If a cookbook is not explicitly given a version constraint the environment will assume the cookbook has no version constraint and will use any version of that cookbook with any node in the environment.

Run-lists

A version constraint can be specified for recipe items that are part of a run-list. Use @ (at sign) to indicate a version constraint. Only the “equal to” constraint can be used to specify a version constraint in a run-list. For example:

{"run_list":["recipe[nginx@1.2.3]"]}

Freeze Versions

A cookbook version can be frozen, which will prevent updates from being made to that version of a cookbook. (A user can always upload a new version of a cookbook.) Using cookbook versions that are frozen within environments is a reliable way to keep a production environment safe from accidental updates while testing changes that are made to a development infrastructure.

For example, to freeze a cookbook version using Knife, enter:

$ knife cookbook upload redis --freeze

To return:

Uploading redis...
Upload completed

Once a cookbook version is frozen, only by using the --force option can an update be made. For example:

$ knife cookbook upload redis --force

Without the --force option specified, an error will be returned similar to “Version 0.0.0 of cookbook redis is frozen. Use –force to override.”

Version Source Control

There are two strategies to consider when using version control as part of the cookbook management process:

  • Use maximum version control when it is important to keep every bit of data within version control
  • Use branch tracking when cookbooks are being managed in separate environments using git branches and the versioning policy information is already stored in a cookbook’s metadata.

Branch Tracking

Using a branch tracking strategy requires that a branch for each environment exists in the source control and that each cookbook’s versioning policy is tracked at the branch level. This approach is relatively simple and lightweight: for development environments that track the latest cookbooks, just bump the version before a cookbook is uploaded for testing. For any cookbooks that require higher levels of version control, Knife allows cookbooks to be uploaded to specific environments and for cookbooks to be frozen (which prevents others from being able to make changes to that cookbook).

The typical workflow with a branch tracking version control strategy includes:

  1. Bumping the version number as appropriate.
  2. Making changes to a cookbook.
  3. Uploading and testing a cookbook.
  4. Moving a tested cookbook to production.

For example, to bump a version number, first make changes to the cookbook, and then upload and test it.

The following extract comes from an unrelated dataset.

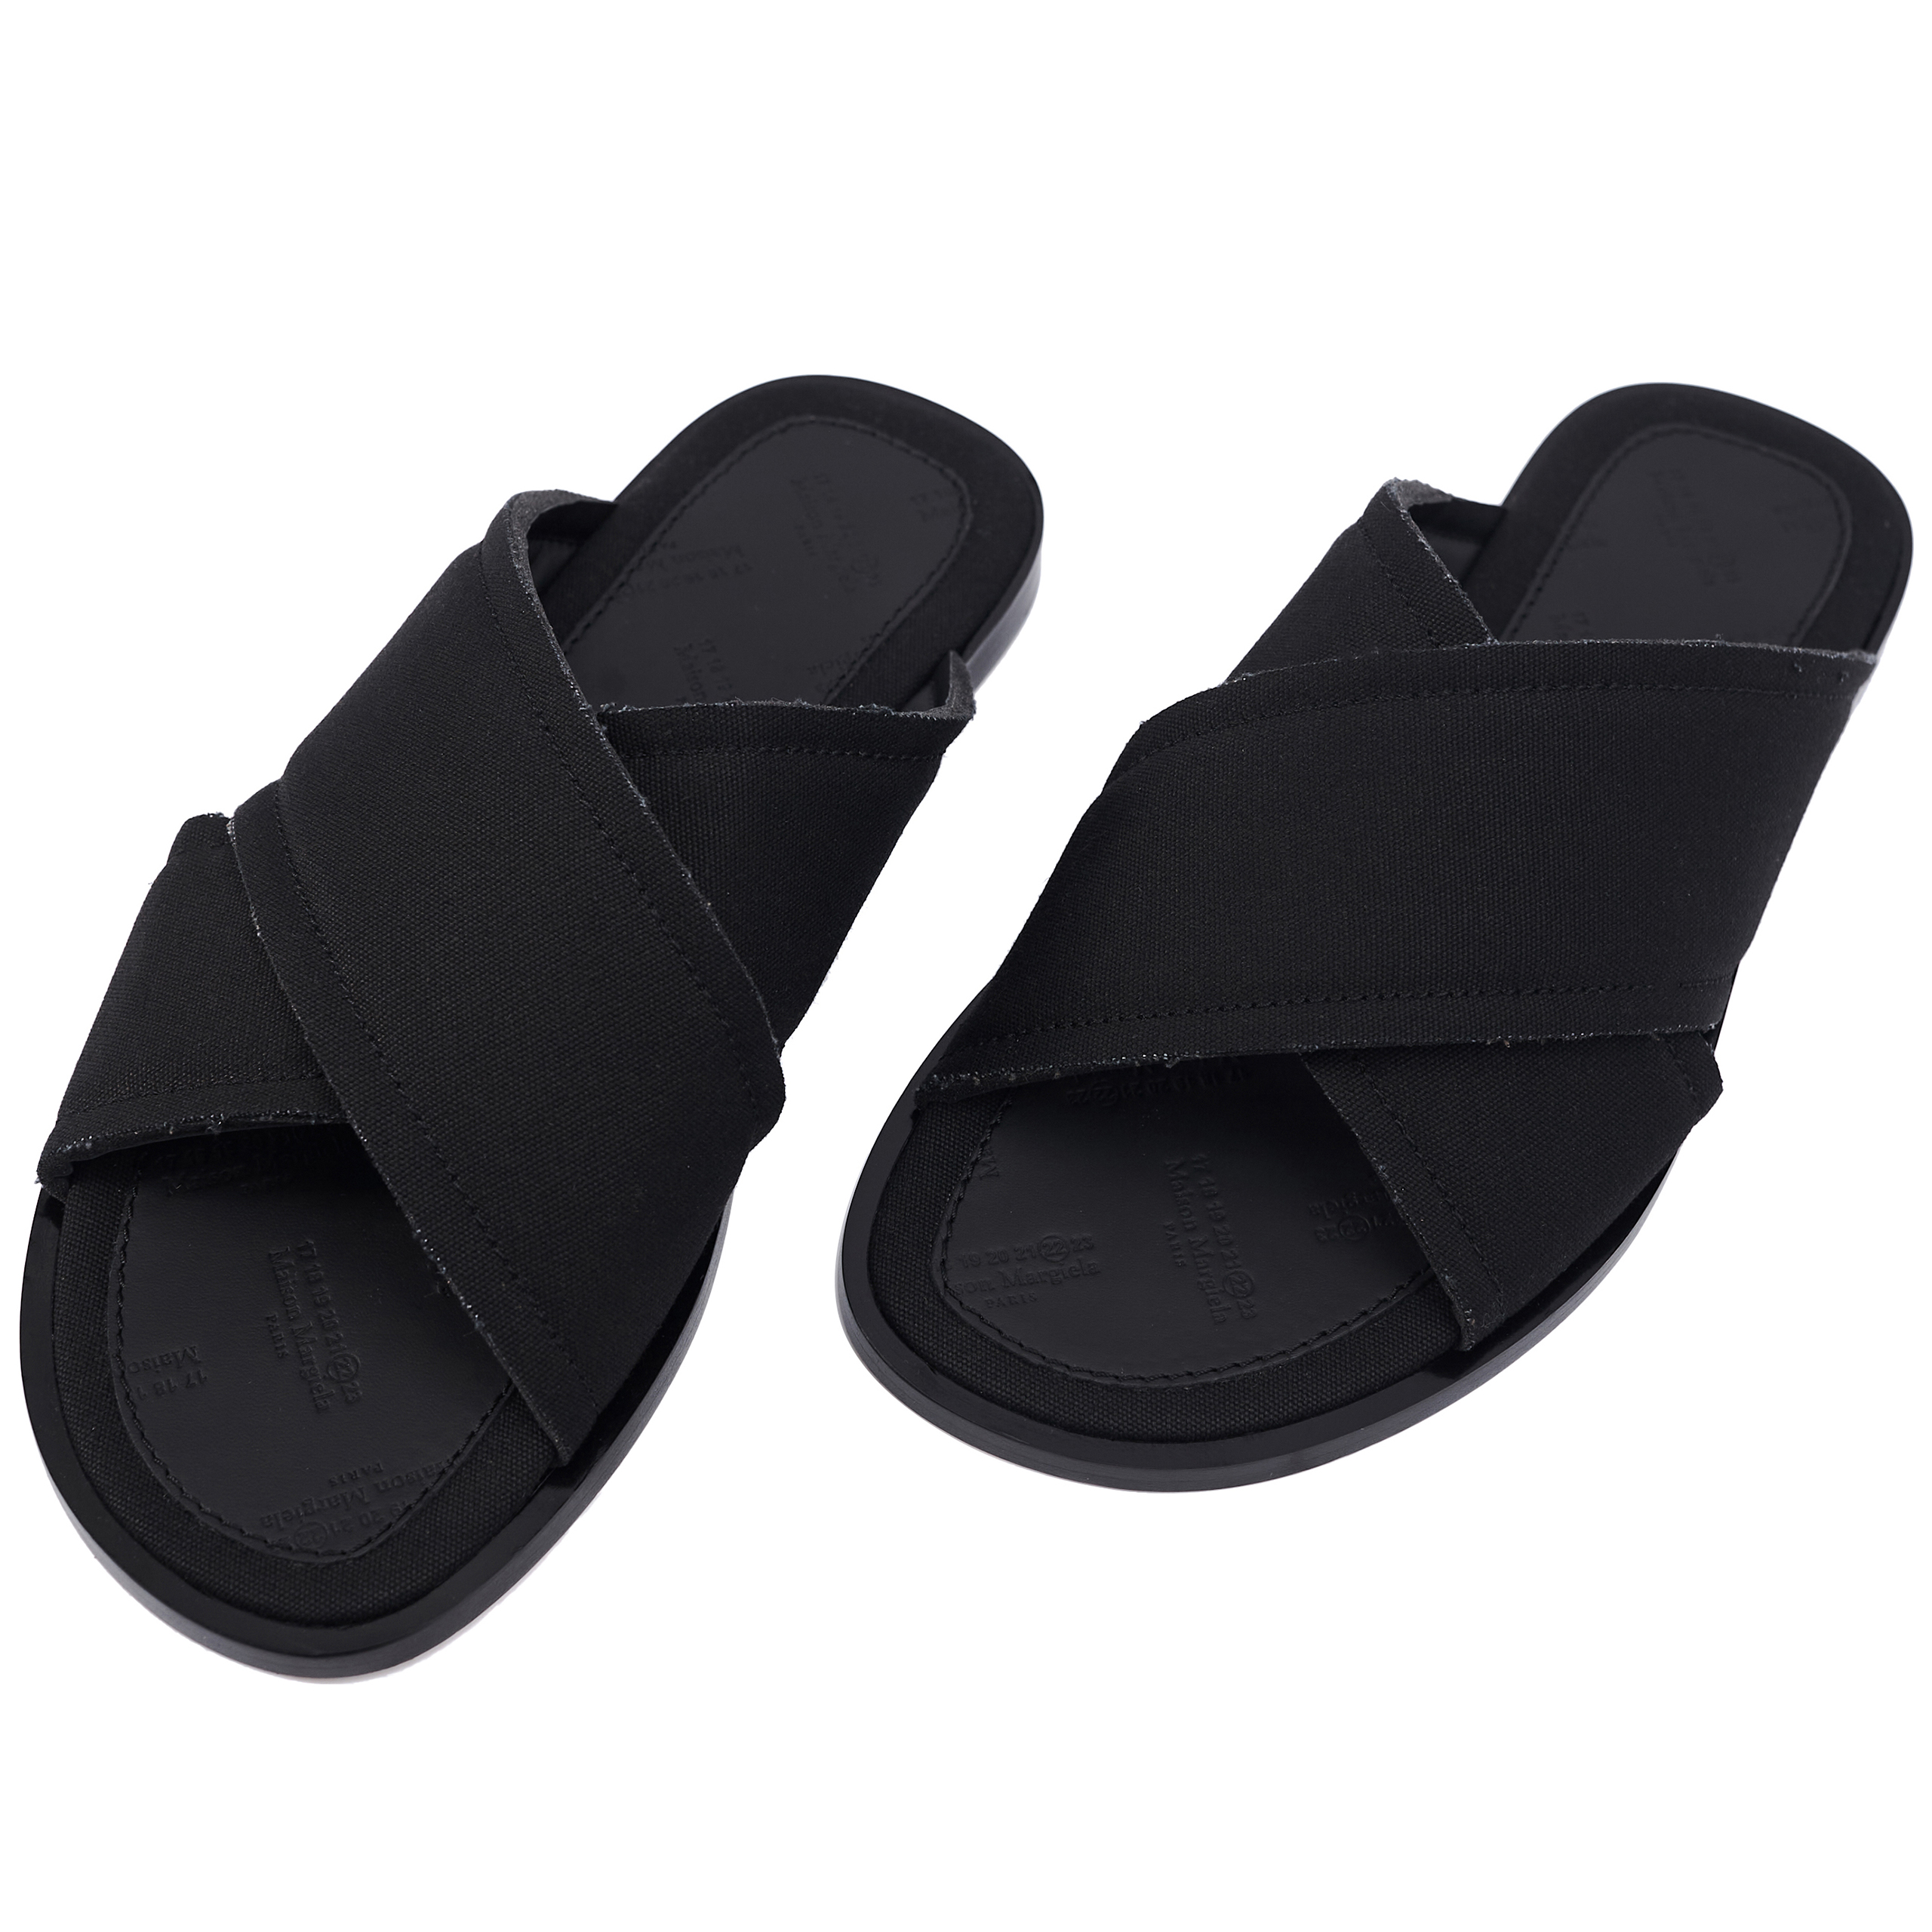 Buy Maison Margiela men black canvas sandals for $468 online on

Repeat this process as required, and then upload it using a Knife command similar to:

$ knife cookbook upload my-app

When the cookbook is finished, move those changes to the production environment and use the --freeze option to prevent others from making further changes:

$ knife cookbook upload  my-app -E production --freeze

Maximum Versions

Using a maximum version control strategy is required when everything needs to be tracked in source control. This approach is very similar to a branch tracking strategy while the cookbook is in development and being tested, but is more complicated and time-consuming (and requires file-level editing for environment data) in order to get the cookbook deployed to a production environment.

The typical workflow with a maximum version control strategy includes:

  1. Bumping the version number as appropriate.
  2. Making changes to a cookbook.
  3. Uploading and testing a cookbook.
  4. Moving a tested cookbook to production.

For example, to bump a version number, first make changes to the cookbook, and then upload and test it. Repeat this process as required, and then upload it using a Knife command similar to:

$ knife cookbook upload my-app

When the cookbook is finished, move those changes to the production environment and use the --freeze option to prevent others from making further changes:

$ knife cookbook upload  my-app -E production --freeze

Then modify the environment so that it prefers the newly uploaded version:

(vim|emacs|mate|ed) YOUR_REPO/environments/production.rb

Upload the updated environment:

$ knife environment from file production.rb

And then deploy the new cookbook version.